O governo de Karzai é acusado de corrupção e incompetência na gestão dos recursos doados pela comunidade internacional (US$ 30 bilhões). O presidente reconheceu: “Cometemos erros nesses sete anos, mas não os repetiremos no próximo governo.” Ele governa o Afeganistão desde 2002, quando foi escolhido por uma loya jirga (assembléia de líderes tribais) com apoio dos americanos e dos europeus. Em 2004, foi eleito presidente no primeiro turno, com 55,4% dos votos. Dessa vez, se as pesquisas se confirmarem, deve haver segundo turno seis semanas depois do primeiro, que será na quinta-feira.
Mas Karzai enfatizou também os progressos do país. Segundo ele, de 2002 para cá, a receita anual do governo subiu de US$ 180 milhões para US$ 3,7 bilhões. Bashardost replicou que a renda per capita subiu de US$ 180 para US$ 490 não por causa do aumento do Produto Interno Bruto, que segundo ele encolheu, mas por causa do comércio de drogas.
O Afeganistão é tradicionalmente o maior produtor de papoula do mundo, a matéria-prima do ópio e da heroína. Os cultivos aumentaram e surgiram laboratórios de refino da droga nos últimos anos. A revista alemã Stern noticiou na semana passada que forças especiais britânicas confiscaram toneladas de ópio em terras pertencentes a um meio-irmão do presidente, Ahmed Wali Karzai, que preside o Conselho Provincial de Kandahar. Ahmed Wali negou a acusação.
Karzai vangloriou-se de ter conseguido no último ano convencer a comunidade internacional de que “o santuário do terrorismo não está dentro do Afeganistão”, numa referência implícita ao Paquistão. Com isso, diminuíram as baixas de civis afegãos, disse ele. O presidente reafirmou que, se reeleito, promoverá uma loya jirga para buscar uma saída negociada para o conflito, com todos que “não estejam vinculados a serviços de inteligência de outros países” – outra referência ao Paquistão, cujo serviço secreto, Inter-Services Intelligence (ISI), ajudou a criar o Taleban, em 1993.

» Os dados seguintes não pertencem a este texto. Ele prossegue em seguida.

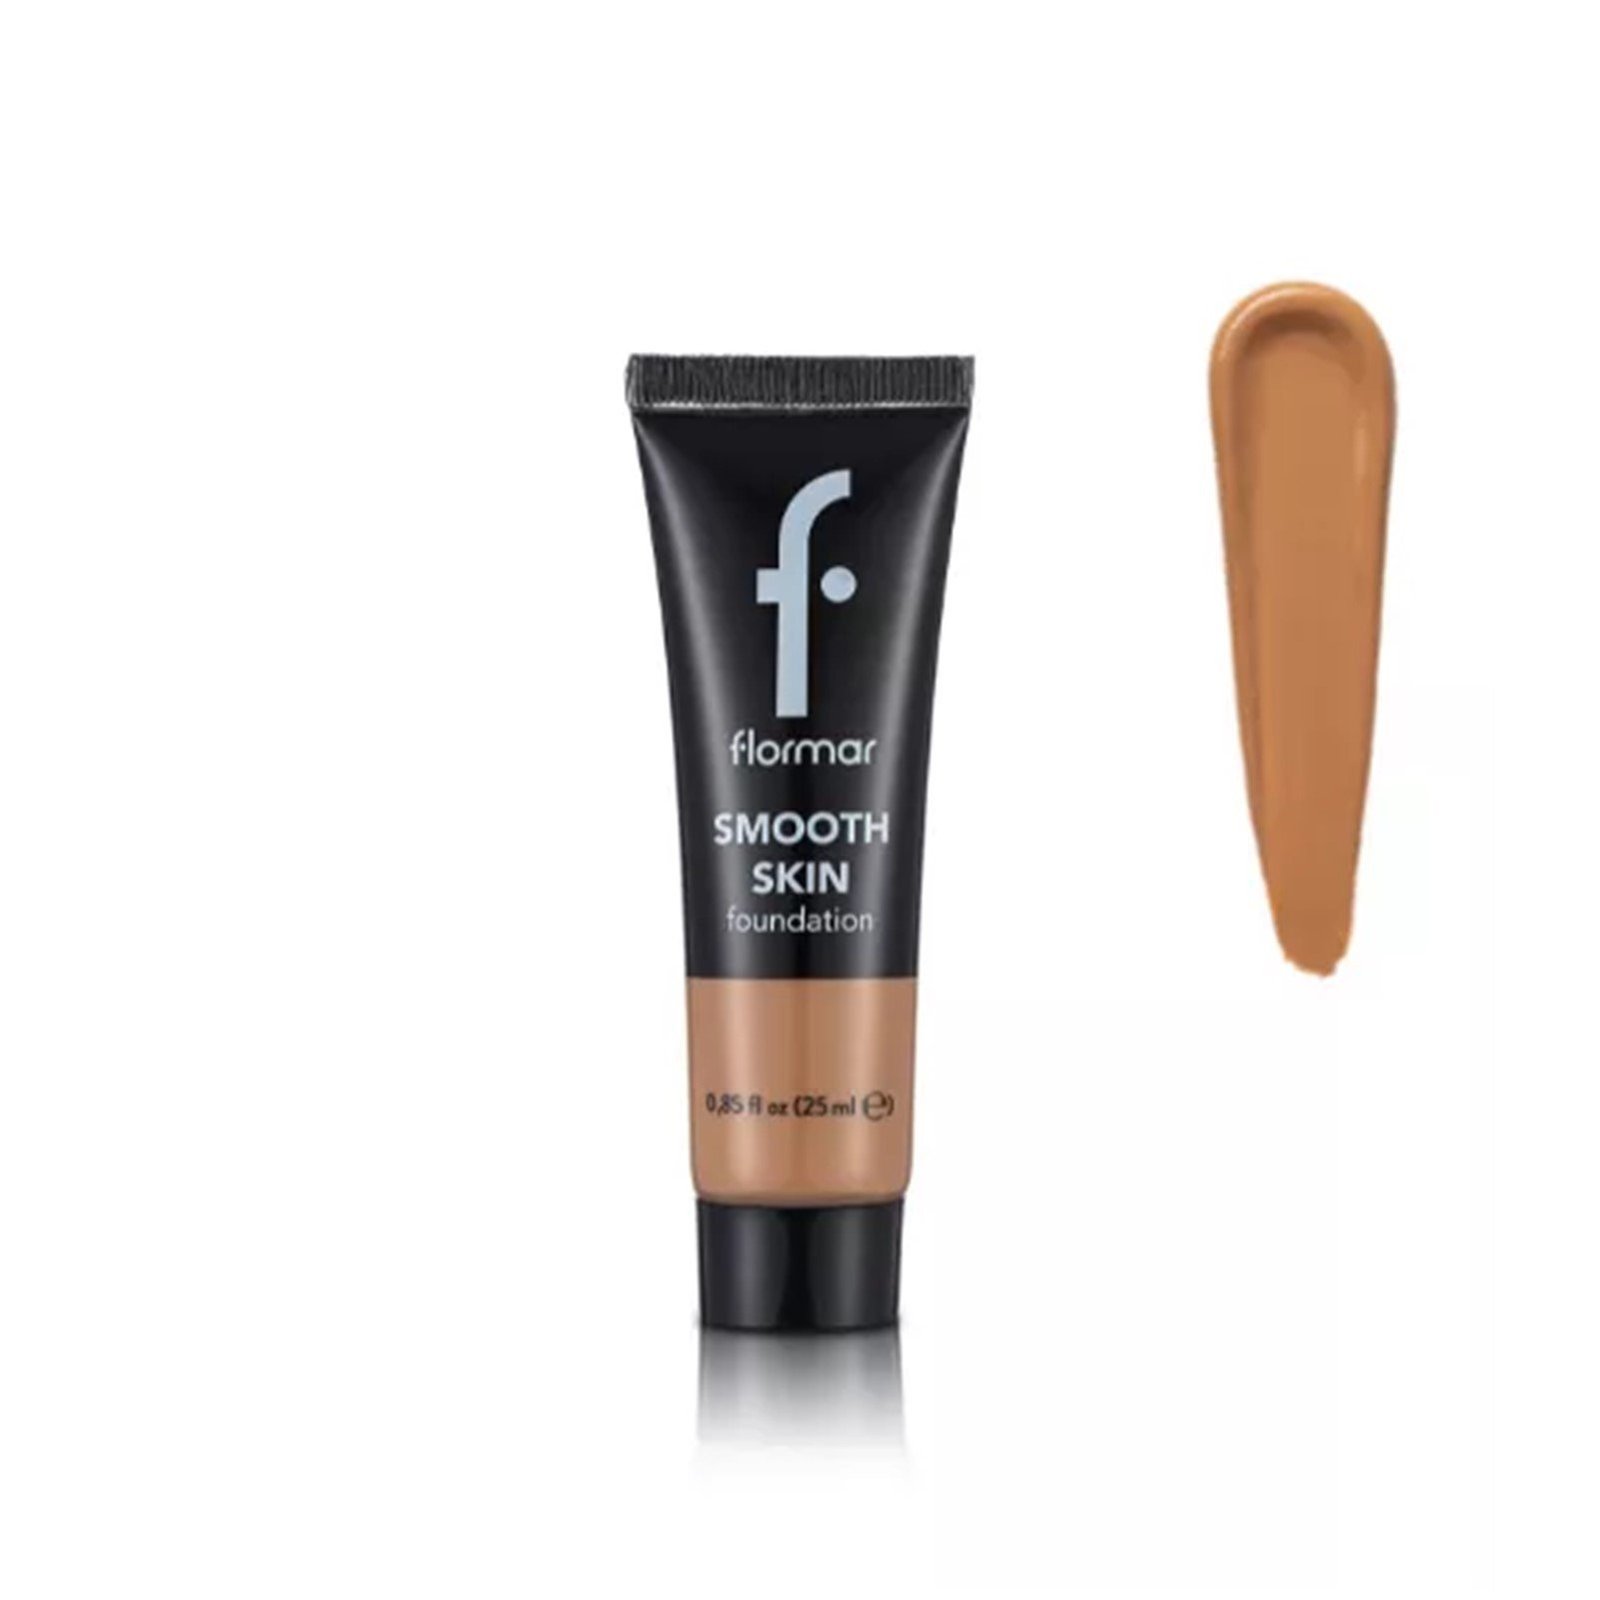 Flormar Smooth Skin Foundation 006 Honey 25ml (0.85 fl oz)

Bashardost e Ghani também são a favor de negociações: “Não se consegue a paz pela força”, repetiram eles. “As pessoas buscam apoio no Taleban porque sabem que não podem contar com os prefeitos e delegados de polícia”, criticou Bashardost. Ambos são nomeados pelo presidente. Ghani foi na mesma linha. Segundo ele, os problemas no Sul e no Leste, onde o Taleban concentra sua influência, “não são causados por divisões sectárias, mas pelo mau critério na escolha de governadores e prefeitos”. Abdullah, que não estava no debate, defende eleições diretas para todos os níveis.
Pela forma como chegou ao poder, recomendado pelas potências ocidentais na Conferência de Bonn (dezembro de 2001), Karzai é visto de forma positiva como o dirigente que tem apoio da comunidade internacional, mas também de forma negativa como subserviente aos interesses externos. Os candidatos da oposição procuram explorar esse ponto fraco. “Não sou candidato para fazer o que a comunidade internacional me mandar”, disse Ghani. “Meu maior objetivo é a integridade do Afeganistão.”
Igualmente, a veia conciliadora de Karzai e seu diálogo mesmo com países vizinhos cuja influência sobre grupos afegãos dificulta a solução do conflito podem ser elogiados ou criticados. “Os Estados Unidos, a Índia e o Irã são os causadores dos problemas do Afeganistão”, disse Bashardost. E, mais adiante: “Temos de mostrar ao Paquistão e ao Irã que o Afeganistão tem dono.”